China’s unique cultural and regulatory environment requires a tailored model for assessing the competencies of CRCs, which existing frameworks like The Joint Task Force for Clinical Trial Competency model12 13 may not adequately address with the required specificity for the Chinese healthcare context. Specifically, the vast geographical spread of the country leads to significant disparities in education and healthcare systems between urban and rural areas, which in turn influence the accessibility and delivery of clinical trials. Urban centres typically offer more advanced medical facilities and a higher concentration of healthcare professionals, while rural areas might face limitations in infrastructure and resources. Moreover, the Chinese healthcare system is characterised by its own set of regulations, policies and cultural norms that shape the conduct and management of clinical research. For instance, the hierarchical structure of medical institutions, the operation of the healthcare insurance system, and the specific regulatory pathways for drug and device approvals are all context-specific factors that CRCs must navigate. Furthermore, the cultural values and social dynamics in China can significantly affect patient recruitment, informed consent processes and the ethical considerations of clinical trials. These cultural factors, along with the unique educational background and professional development needs of CRCs in China, highlight the importance of a competency model that is not only context-specific but also sensitive to regional variations and local practices.
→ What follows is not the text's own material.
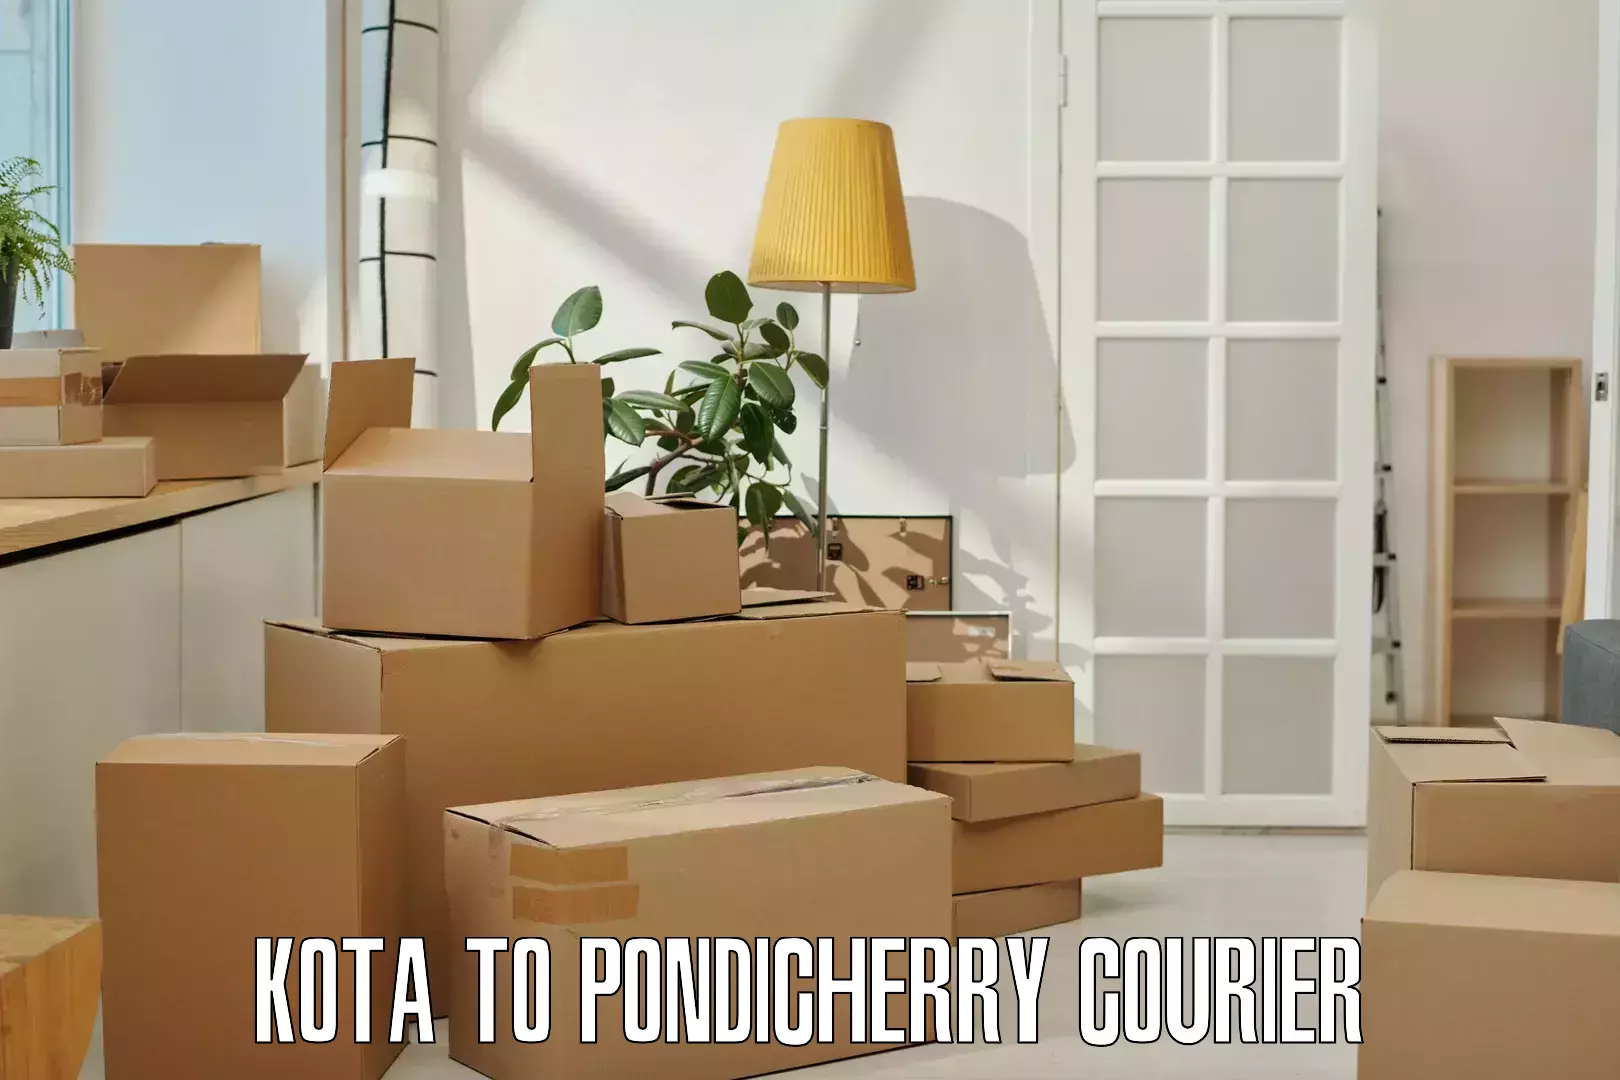 User-friendly delivery service Kota to Pondicherry

Therefore, the existing JTF model, while valuable in its general approach to clinical research competencies, may not fully capture the nuances of working within China’s healthcare system, including the rural-urban divide and the specific regulatory and cultural demands. The need for a competency model for CRCs tailored to the Chinese context is evident. This study aims to construct a competency model for CRCs that is not only reflective of the current clinical research environment in China but also serves as a benchmark for the professional development, training and evaluation of CRCs in the country.

MethodsDesign and procedures

Our study was conducted from January to December 2023, and the construction of the CRC general competency model combined the advantages of qualitative and quantitative analysis, divided into three steps. Online supplemental figure illustrates the technical workflow of our study.

Competency characteristic system

Initially, we conducted a comprehensive literature review using keywords such as “Clinical Research Coordinator”, “Study Nurse”, “competency model” and “Delphi method”, in databases including PubMed, Web of Science, the China Biomedical Literature Database and CNKI (China National Knowledge Infrastructure). The review focused on existing competency frameworks and studies related to CRCs, particularly within the Chinese context.

The process of identifying the key competency indicators for CRCs in China was grounded in Competency-Based Theories, which emphasise characteristics significantly correlated with job performance, such as knowledge, skills, abilities, traits and motivations.14 To systematically categorise these characteristics, we applied the Onion Model Theory. This model metaphorically describes competencies in layers, from the outermost layer representing basic knowledge and skills, through the middle layer encompassing attitudes and values along with social roles and self-perception, to the innermost layer reflecting personality and motivation—the deeper, core competencies that are more challenging to cultivate, assess and modify.15 In alignment with the Onion Model, we preliminarily categorised the CRC competencies into five primary indicators, corresponding to the different layers of the model: Knowledge, Skills, Attitudes/Values, Personality and Motivation.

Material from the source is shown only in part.